- What you should do
As an exercise, transcribe the data below in full and exactly, omitting pictures.

- Information shown
+ + +

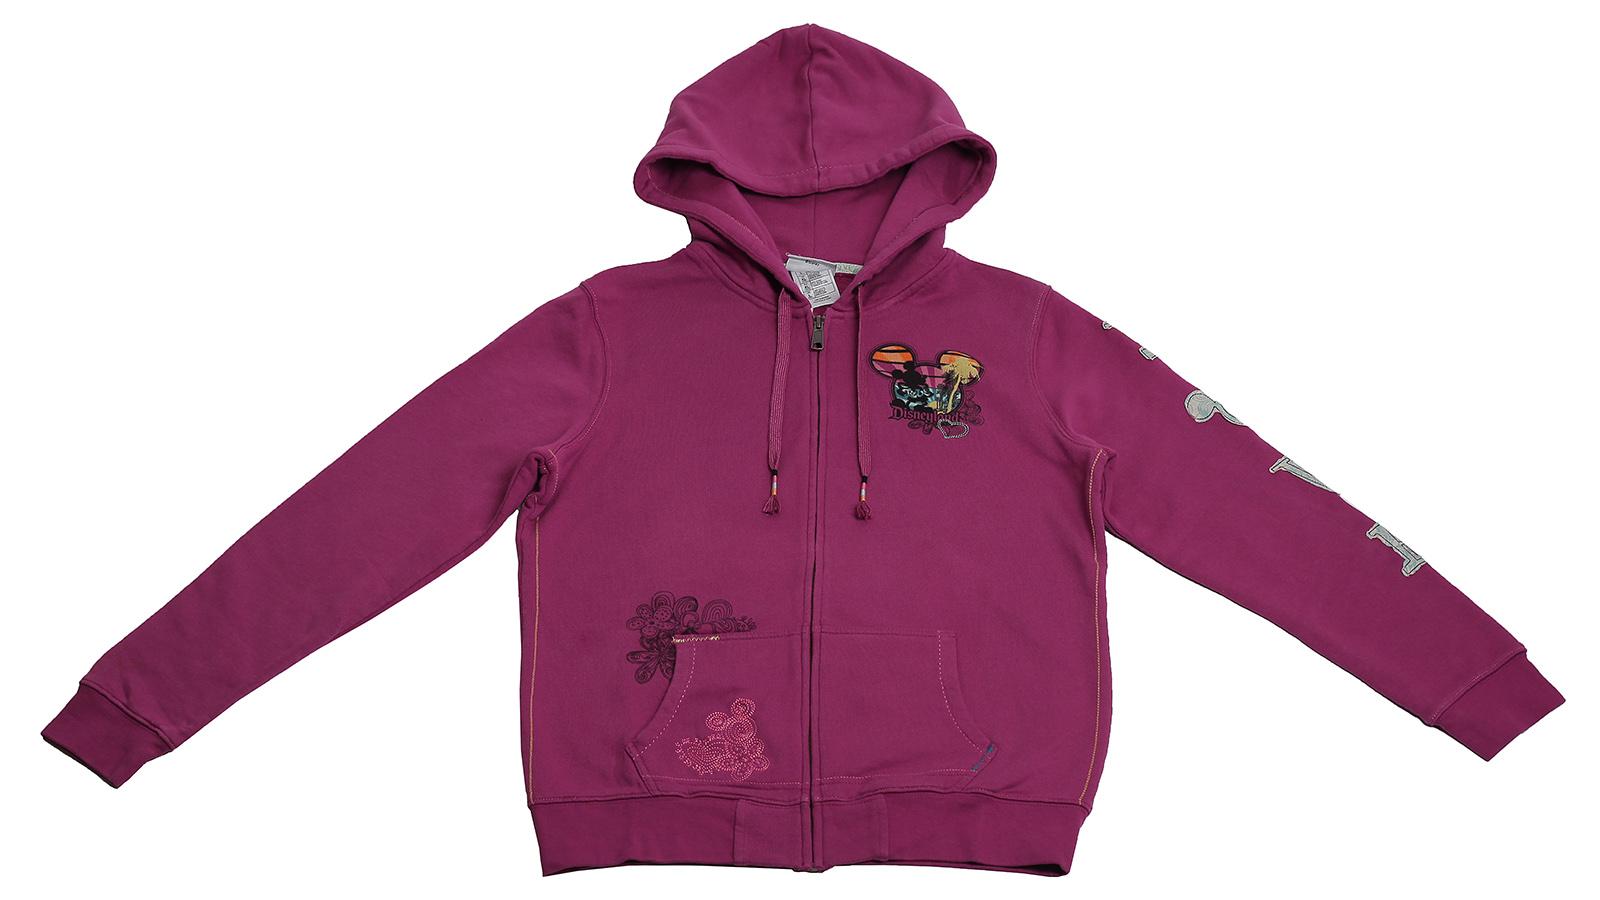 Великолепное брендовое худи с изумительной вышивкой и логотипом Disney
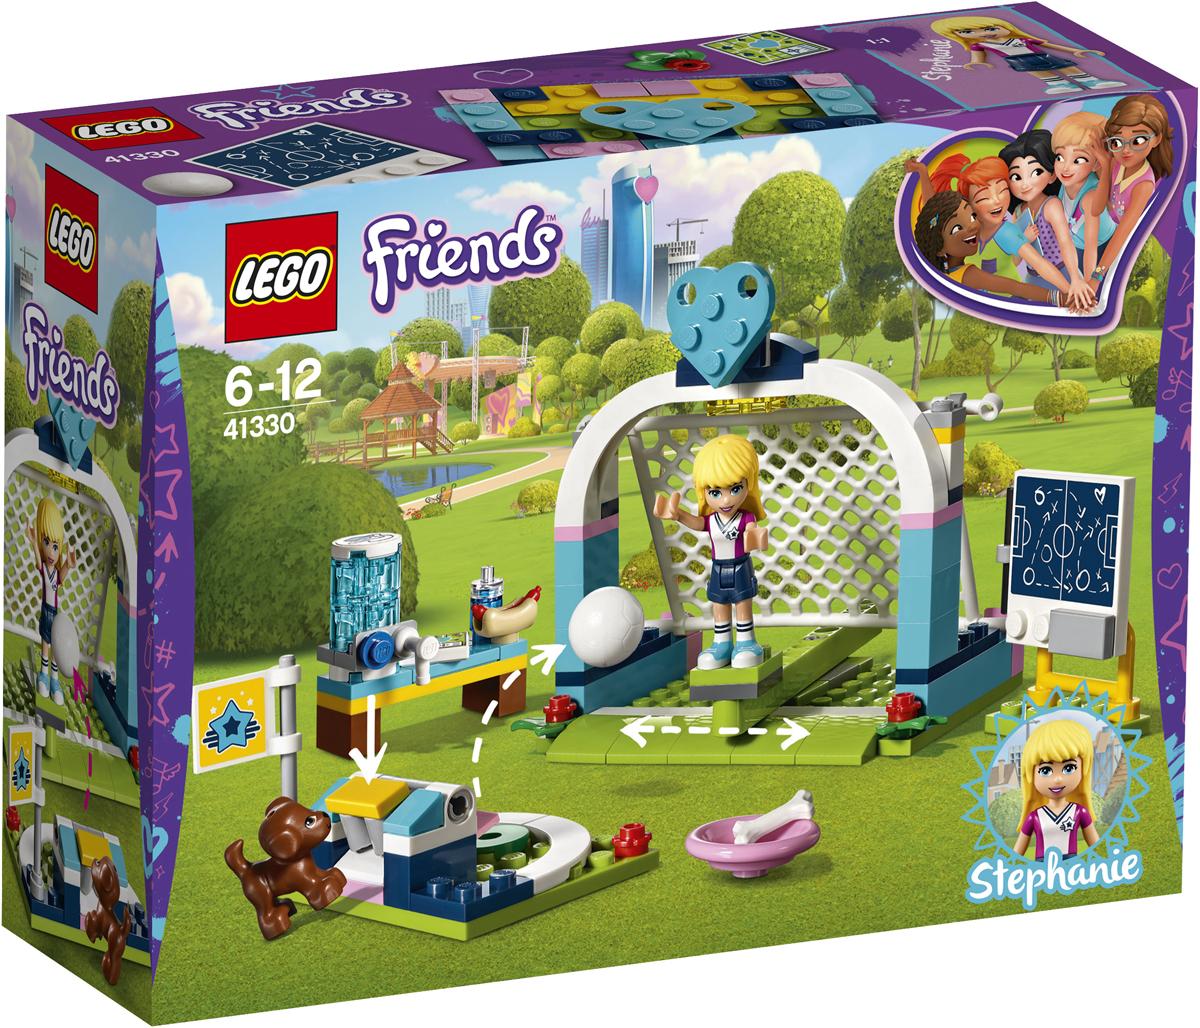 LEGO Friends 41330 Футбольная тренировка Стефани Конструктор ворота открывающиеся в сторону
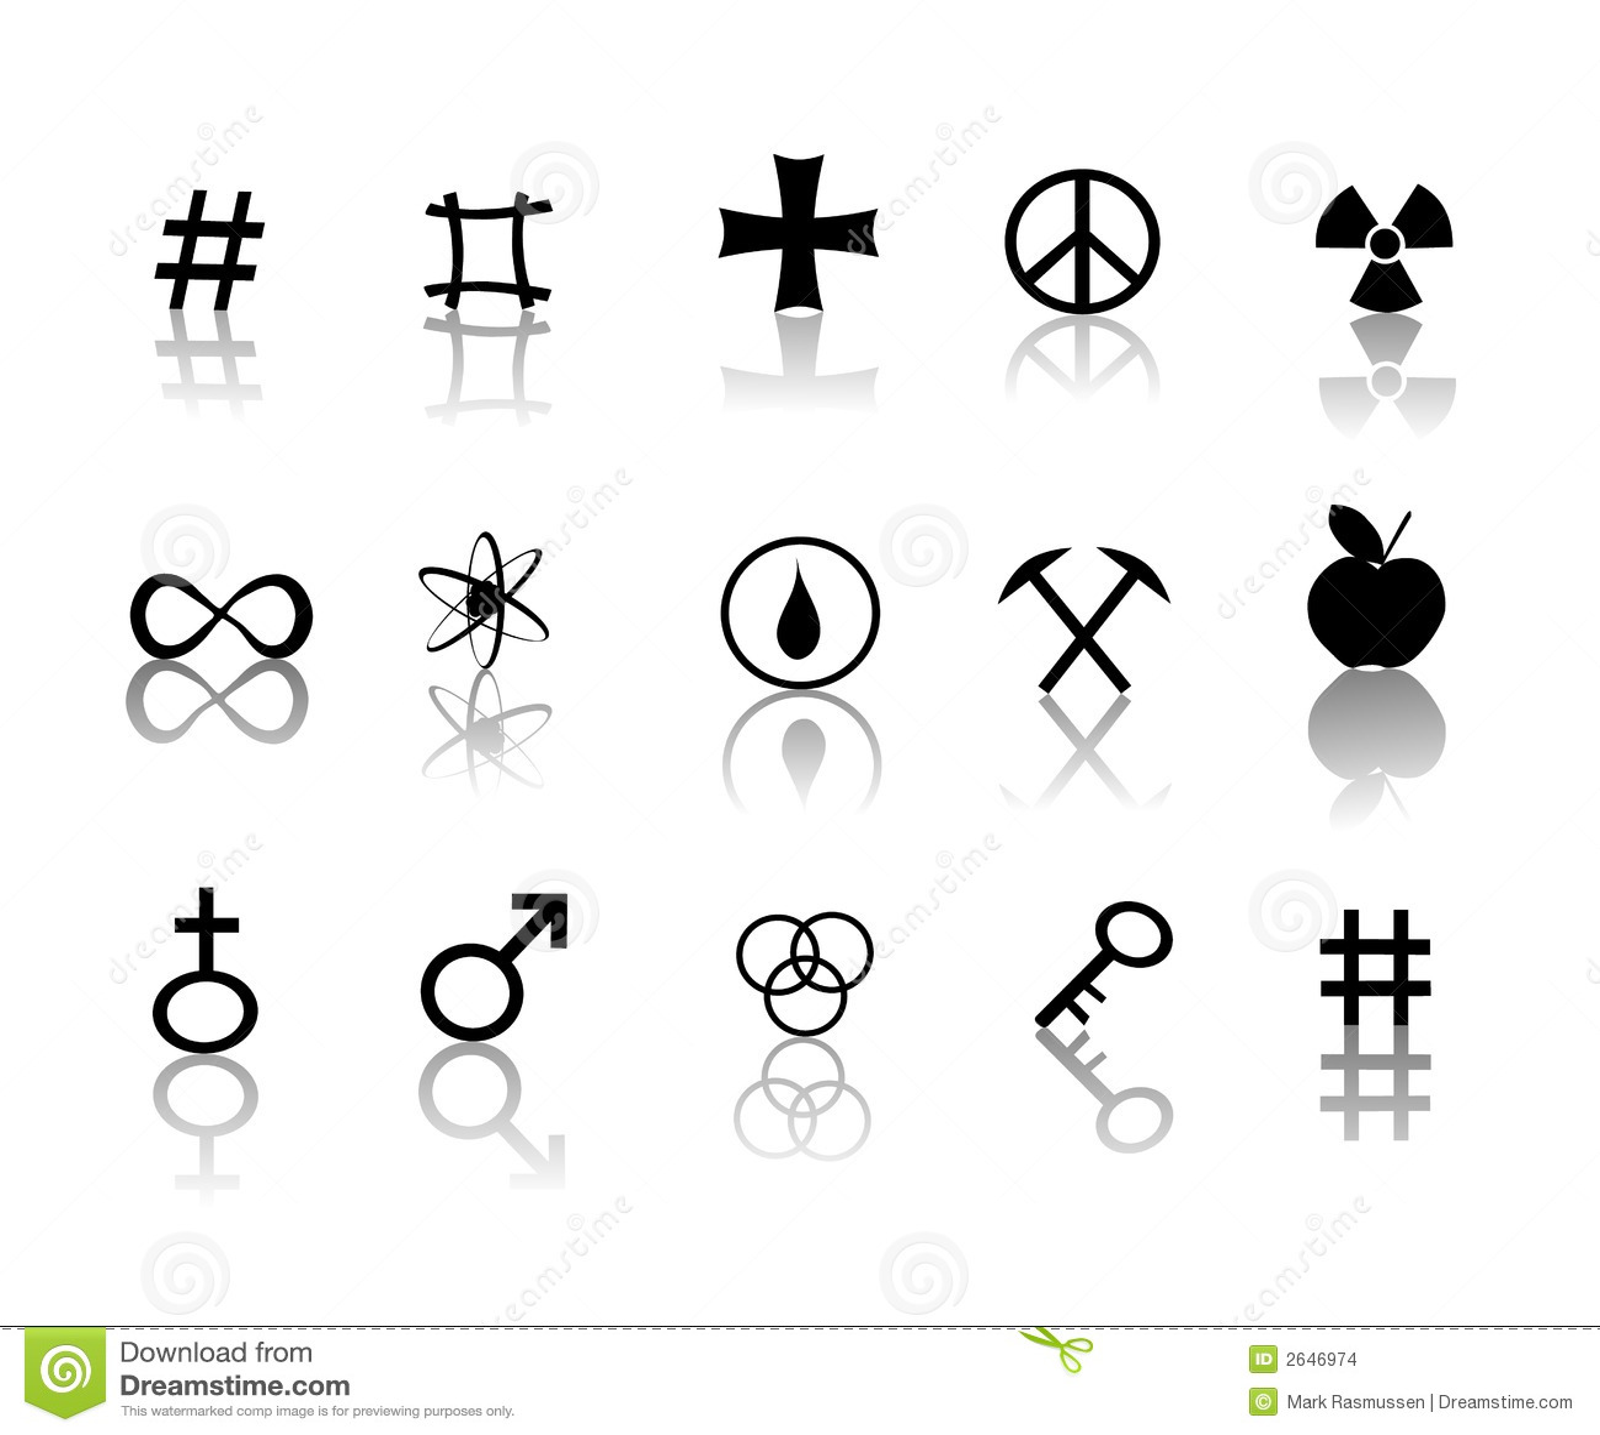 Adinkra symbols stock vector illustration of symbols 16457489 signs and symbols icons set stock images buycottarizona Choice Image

+ + +

- Response area
 Великолепное брендовое худи с изумительной вышивкой и логотипом Disney
 LEGO Friends 41330 Футбольная тренировка Стефани Конструктор ворота открывающиеся в сторону
 Adinkra symbols stock vector illustration of symbols 16457489 signs and symbols icons set stock images buycottarizona Choice Image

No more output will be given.